I really don't understand NascentOxygen's responses

lets start at the start and some one clearly define each step please

1) switch closed to A ... current flowing from battery through inductor, resistor and back to battery

2)switch opens from A and closes to B
He's saying there is still current from the battery that's flowing through the coil for a brief time

3) I see the neon being an open circuit till the voltage is high enough to strike the neon ... prior to striking, the neon is a significant capacitor ?
So WHEN does the neon strike ?

a) -- is the opening of the switch contact generating the voltage spike that lights the neon but before the switch closes to B position? or...
b) is it the collapsing magnetic field through the coil and the spike is that EMF that's generated and with current flowing in opposite direction and with the switch closed to B position that "reverse direction " current flow is striking the neon?Dave

 

[Jay_]

Sophiecentaur

"Firstly, what does the table in the diagram refer to? I don't think the heading "time constant" means what it says. Is it supposed to be 'time'? Could you explain what it all means?"

The time constant of an inductor is T = L/R. So it basically shows the values of voltage across the inductor at T, 2T, 3T etc. At the 0T (beginning), it says the value of voltage across the inductor is the highest = 10 V (battery voltage). After that point it keep reducing.

Now when the switch is moved from A to B, there are two immediate scenarios.

1. Switch is between A and B, not connected to either.

2. Switch is closed with B.

What exactly happens to the voltage across the inductor in these moments and why?

"You don't know those losses so you don't know when the volts will reach the 75V you need for your neon to strike. Neither do you know the value of the parasitic C but you could work out what you want if you knew (or could measure) the R and C values."

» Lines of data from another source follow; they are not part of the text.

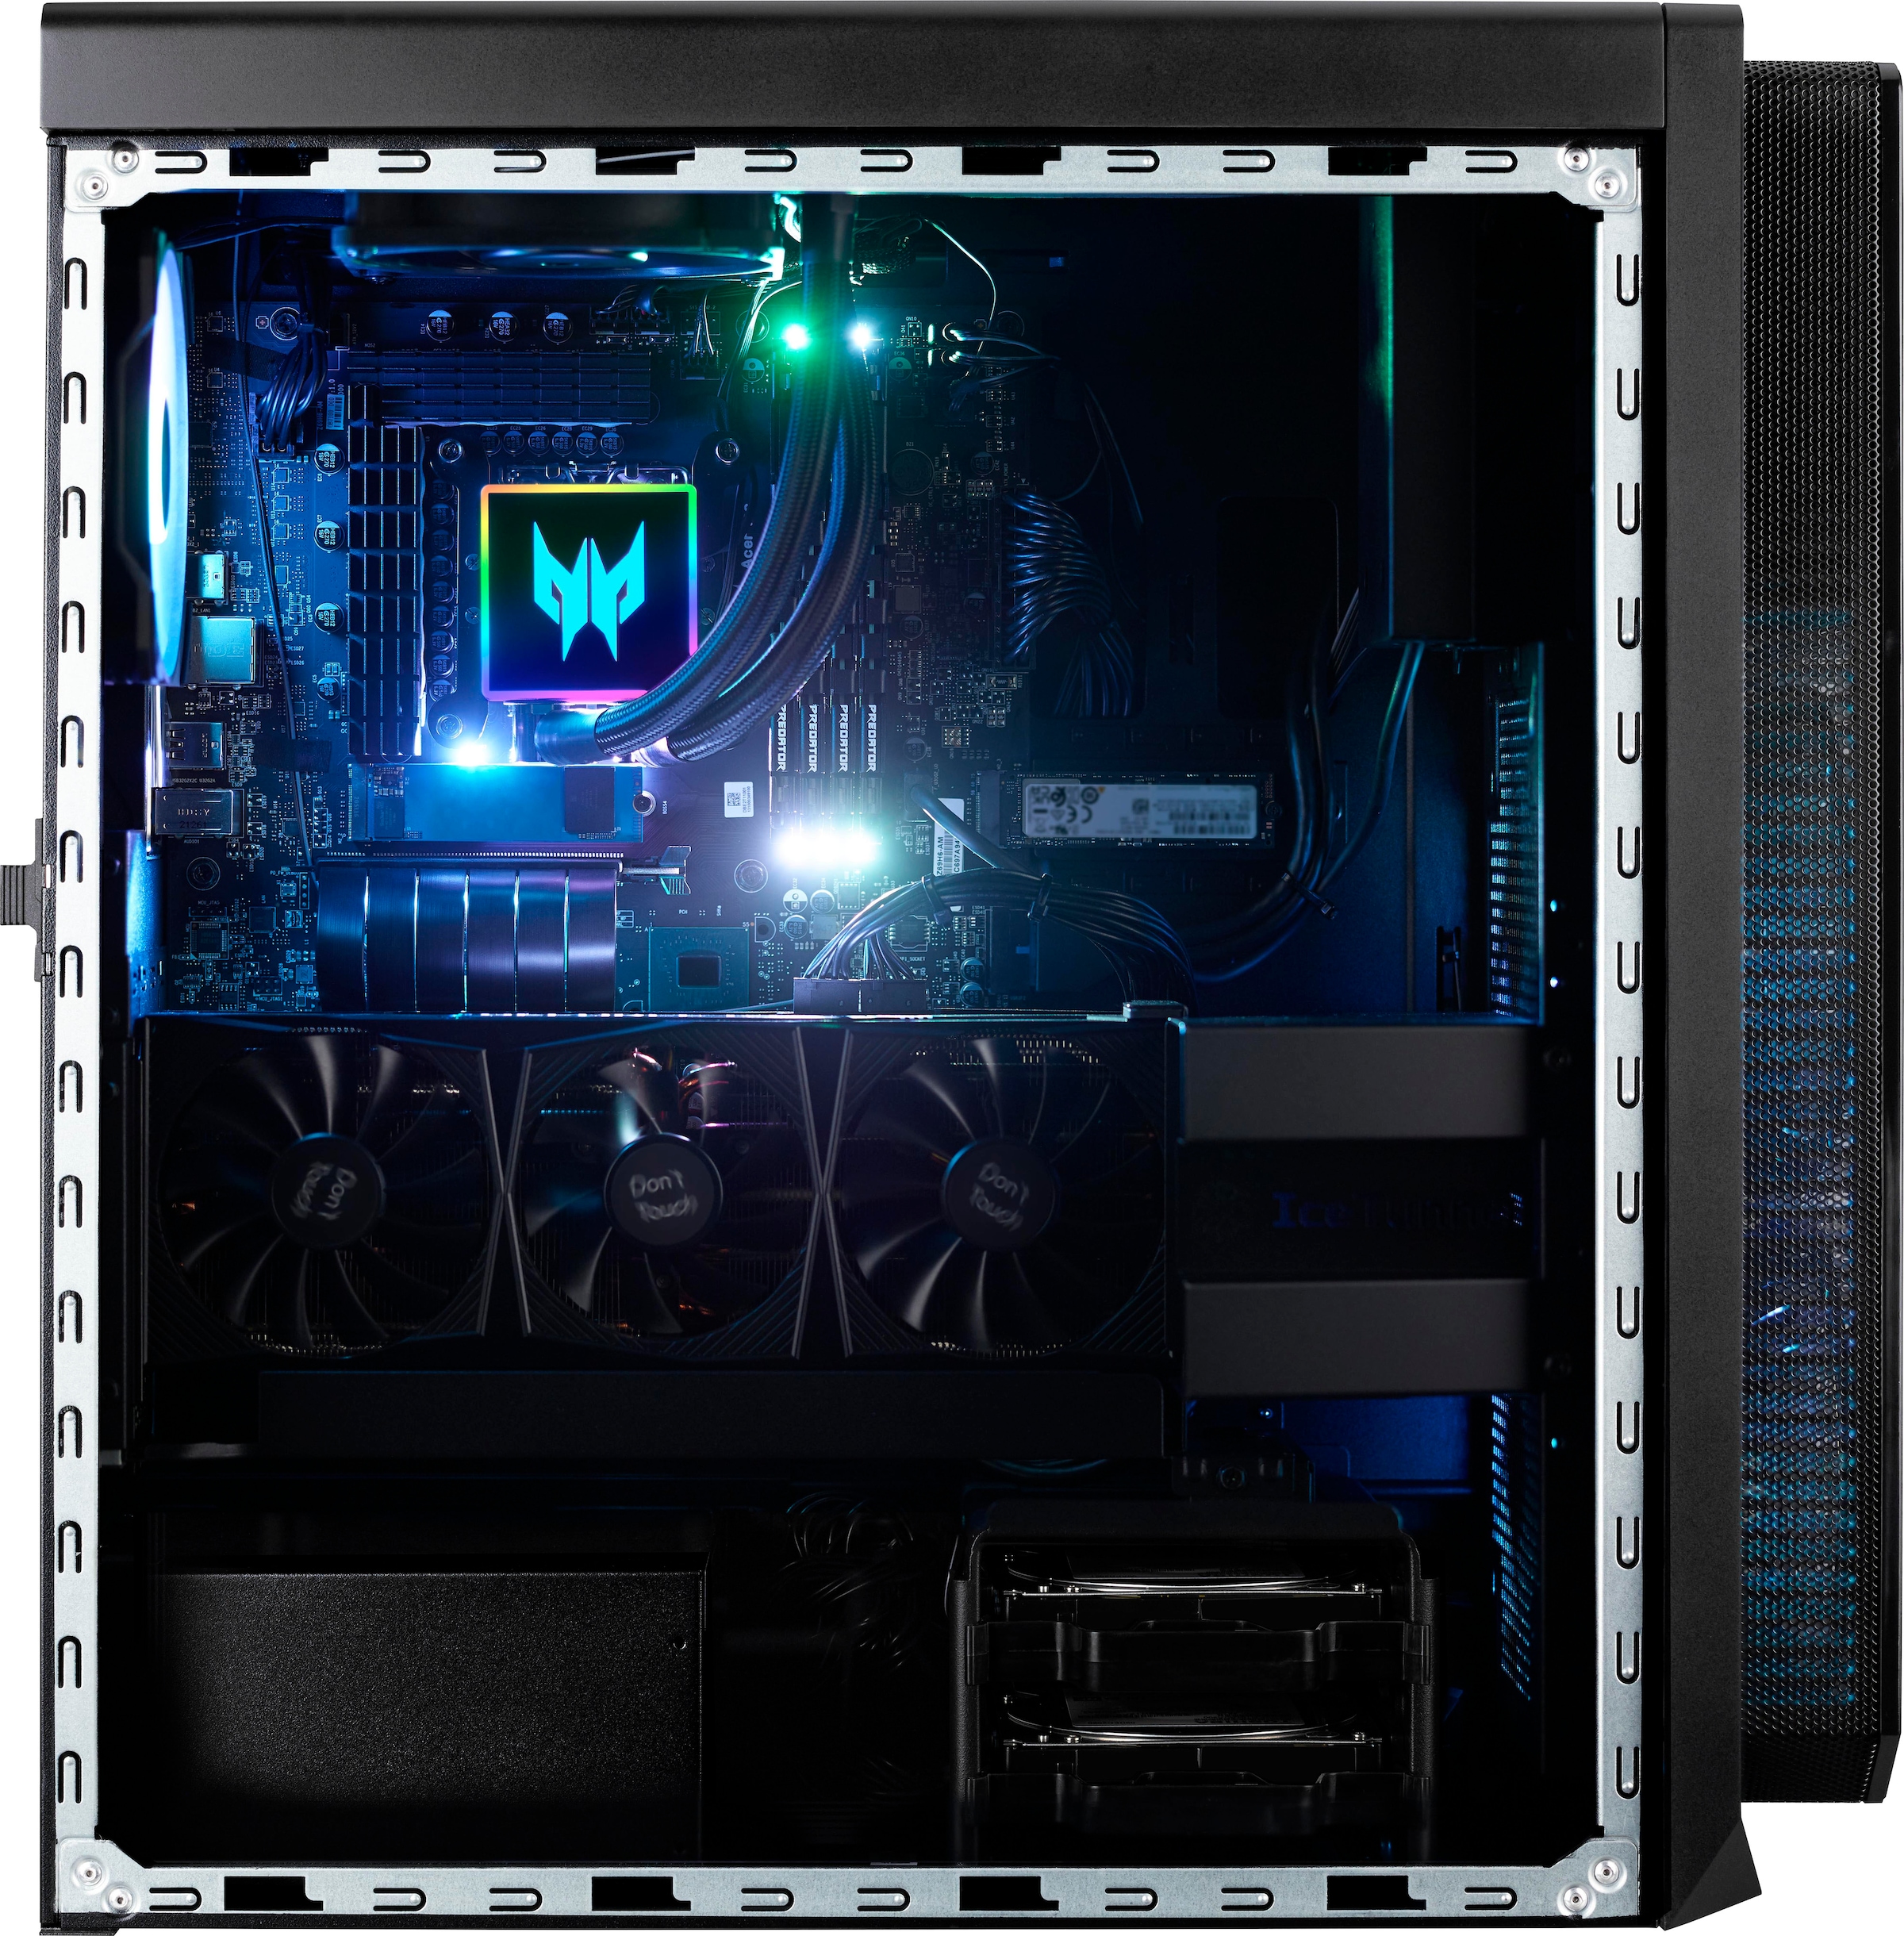 Acer Gaming-PC »Predator Orion 7000 (PO7-640)«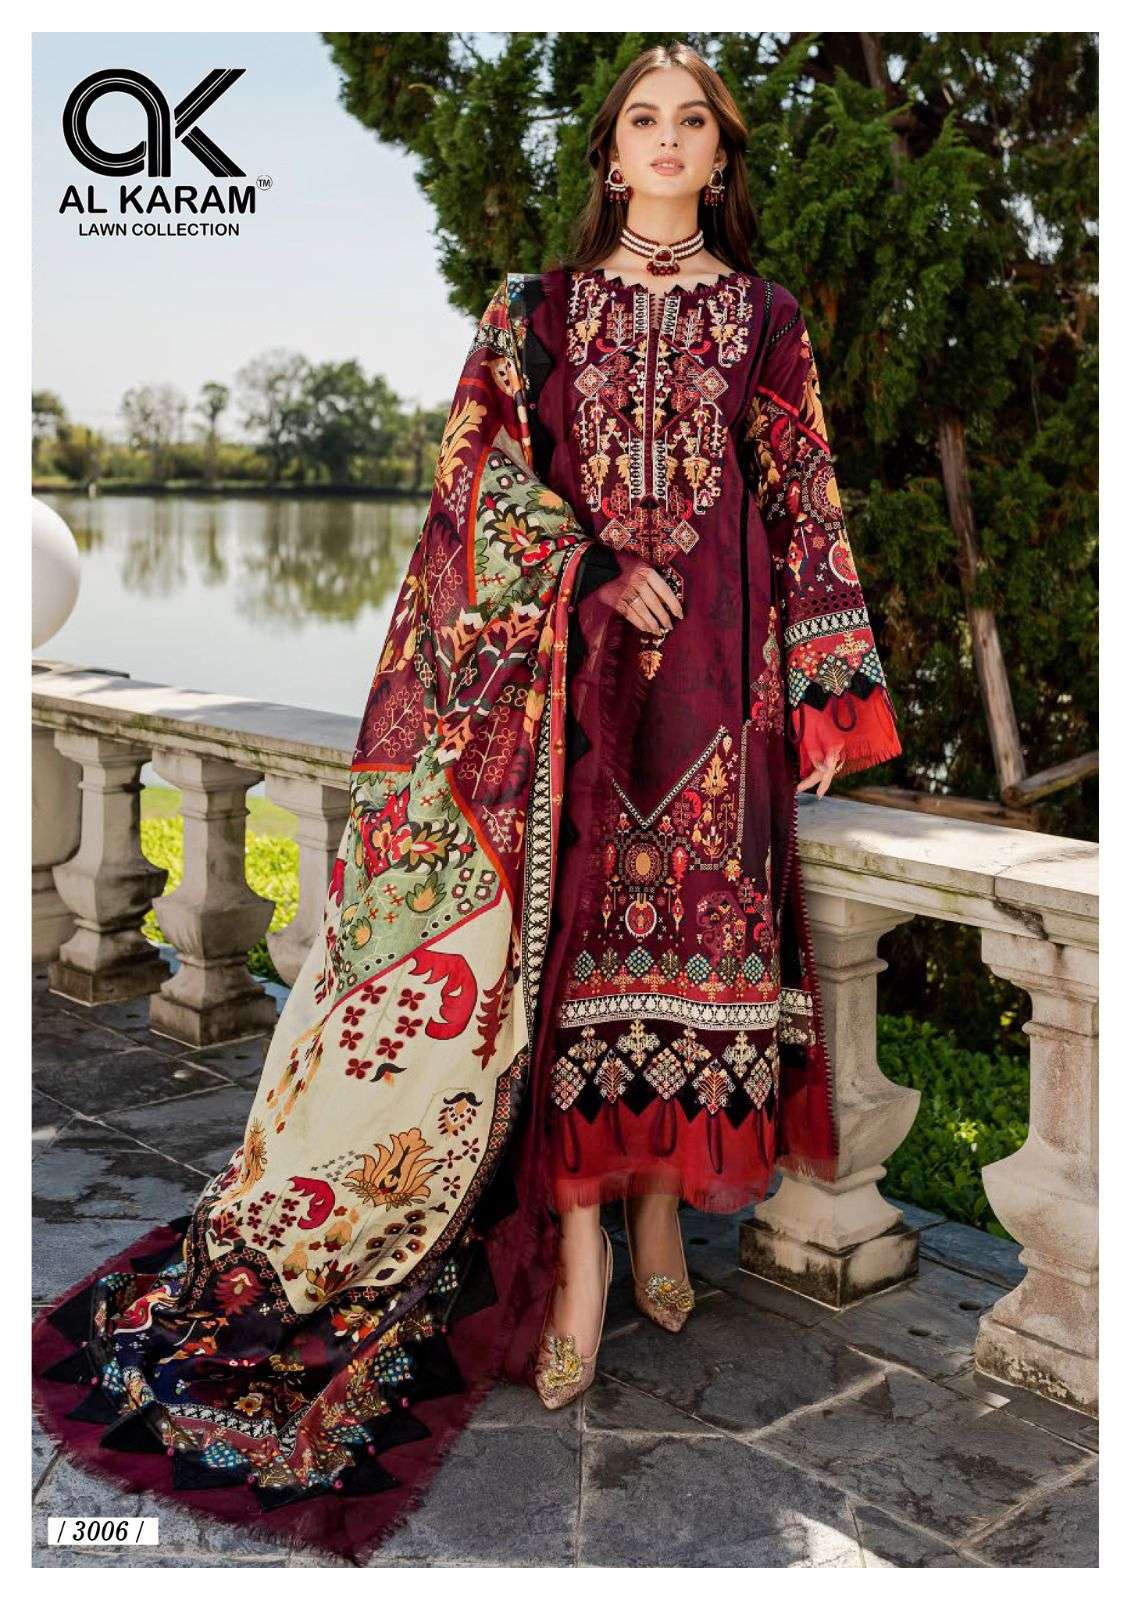 Al Karam Queen S Court Vol-3 – Dress Material Wholesale catalog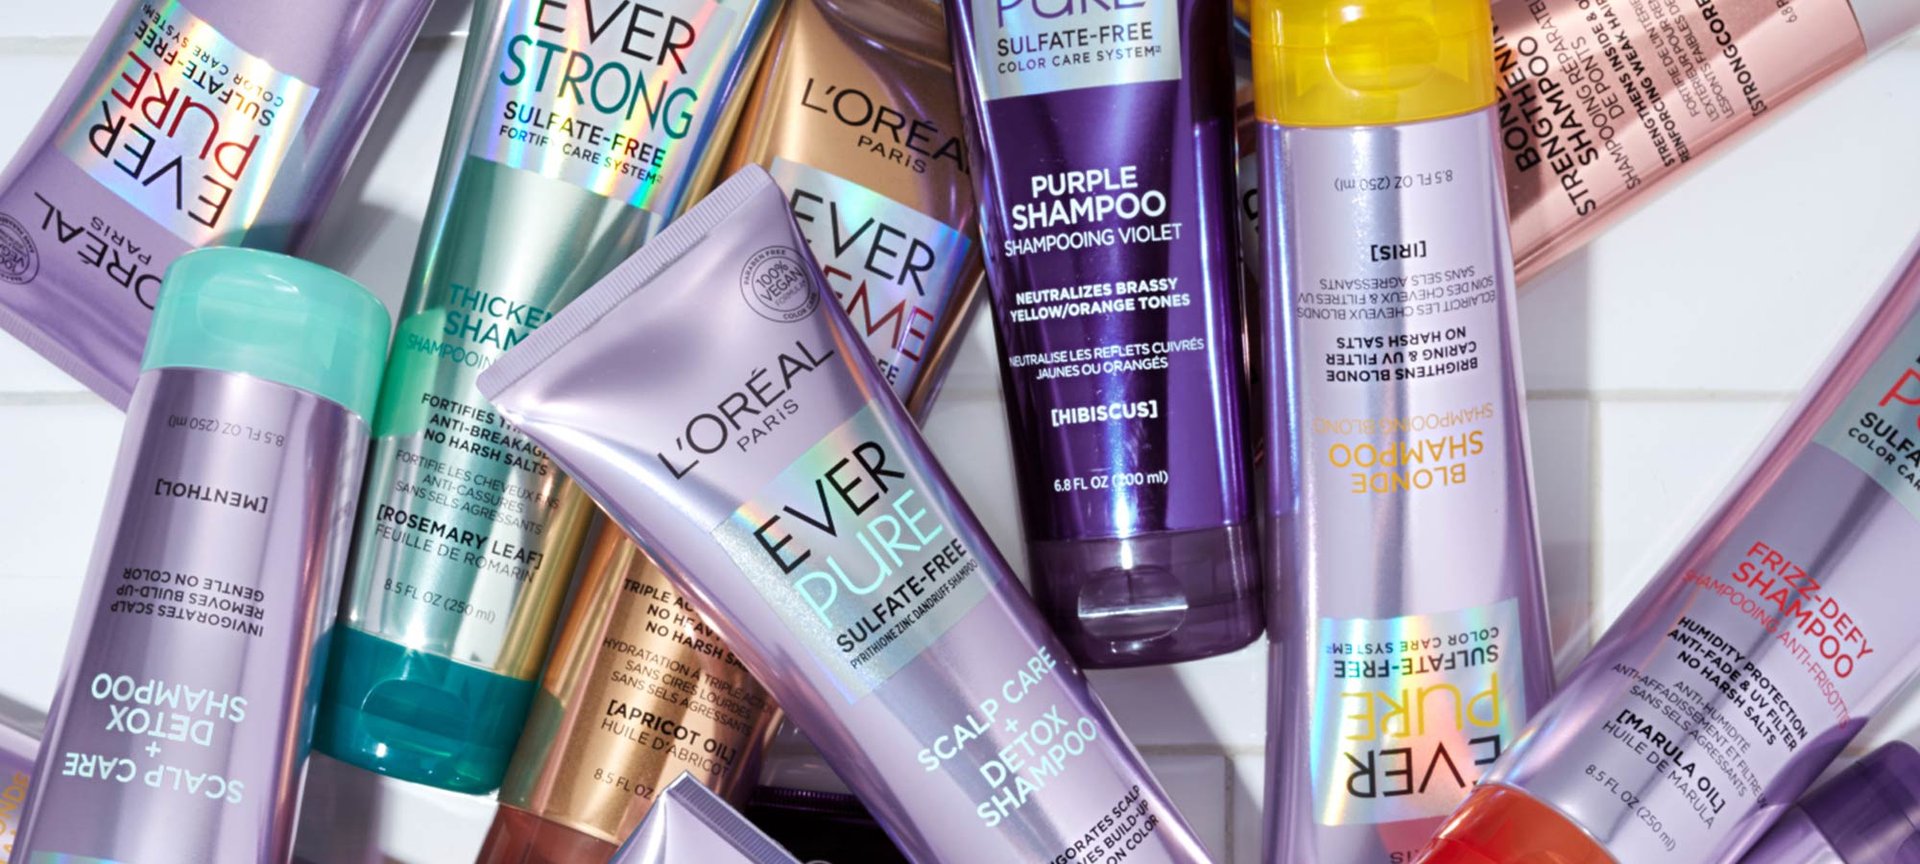 Why You Should Use a Sulfate-Free Shampoo - L'Oréal Paris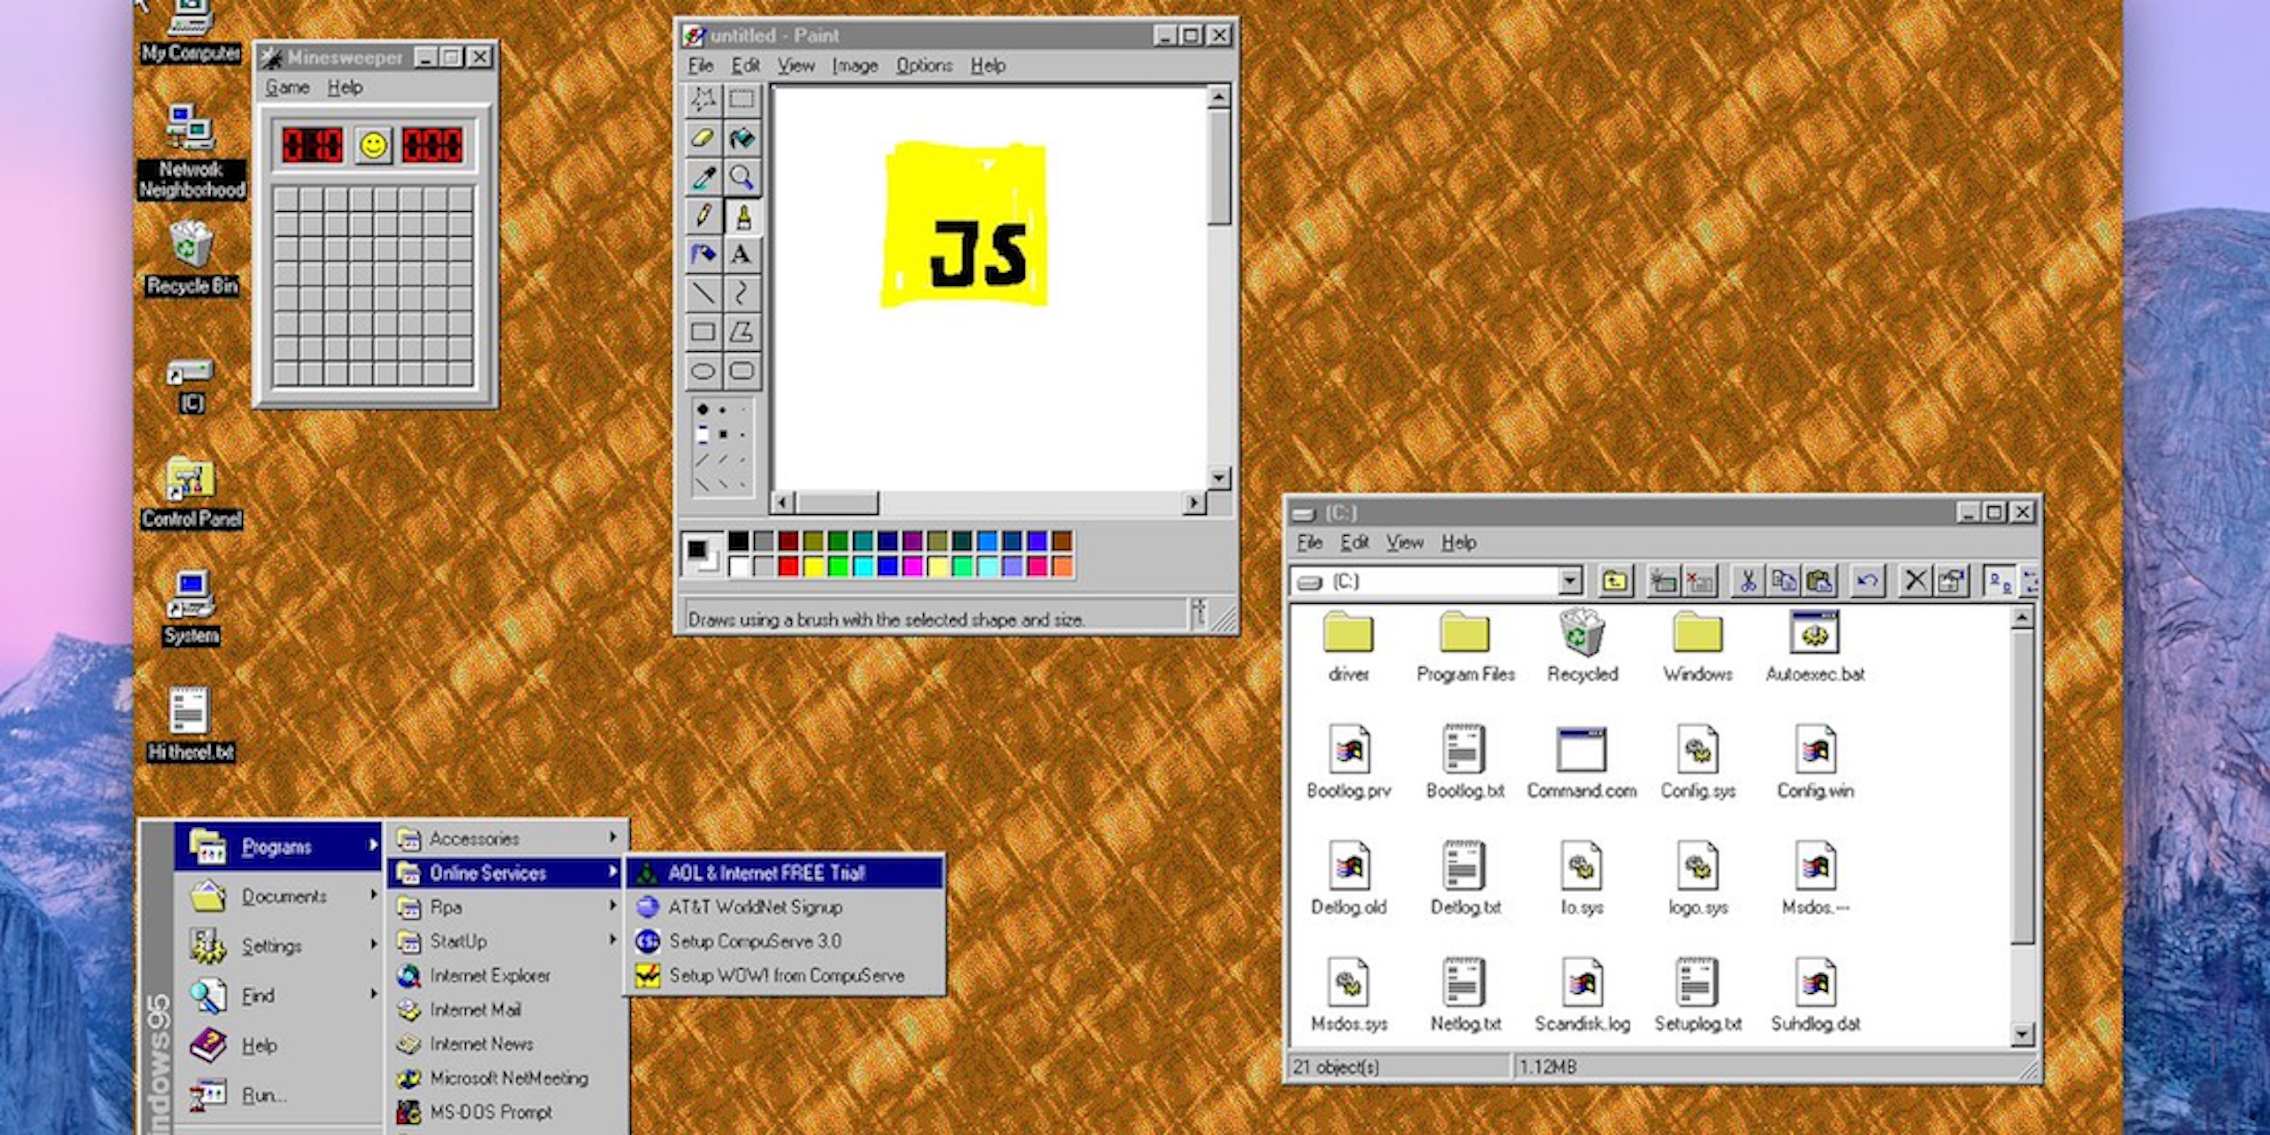 You can download Windows 95 as a desktop app

So that means this circuit makes no sense without a capacitor? I can understand that by V = L(di/dt), the quick switching from A to B will cause the top of the inductor to have negative voltage. Could you refer to the diagram I attached (again), and tell me why current won't flow in the manner shown?

If a HIGH voltage is suddenly induced when switch closes with B, what makes us control this value? How do we know the switching won't cause a current of 100 V instead of 65V to damage the neon?

" If you want a more useful answer to homework problems then I suggest you make it more clear what it's all about and the post in the right forum"

I just want to know how an inductor works with DC source! Thats all sir! I know it causes an impedance to an AC voltage, but its applications with a DC source is not something I understand which is why I thought I'd ask here.

But all these posts are themselves confusing, if someone (just one person!) could explain the circuit operation step wise (this happens first, this happens second, this happens third etc) I would get a better understanding. Thanks.

 

[Jay_]

NascentOxygen

"The inductor gets 65V across it at no time during the intervals you tabulated. The switch is obviously fixed in position A during all of that time."

Okay, that is understood the voltage reduces gradually until its zero (like a short wire) across the inductor. But what controls the development of voltage across the inductor to be 65V? Also, what about the direction of the current. From the link it seems like the direction is opposite to what I have shown (with black arrow in Paint), but current always goes from positive to negative. I know about the electron flow and all, but by convention its positive to negative, why would we make it different here?

 

[Jay_]

There is something else in the link.

When the switch is at between A and B ('floating'), the inductor has positive polarity on "top". The moment the switch closes with B, it gets a negative polarity on "top".

Is this how it happens? Again, if someone could explain what exactly controls the voltage developed on the inductor (at a particular value like 65 V) and what exactly is the current direction, I could get an understanding and end this thread which has been pulled way longer that I would have thought it to go.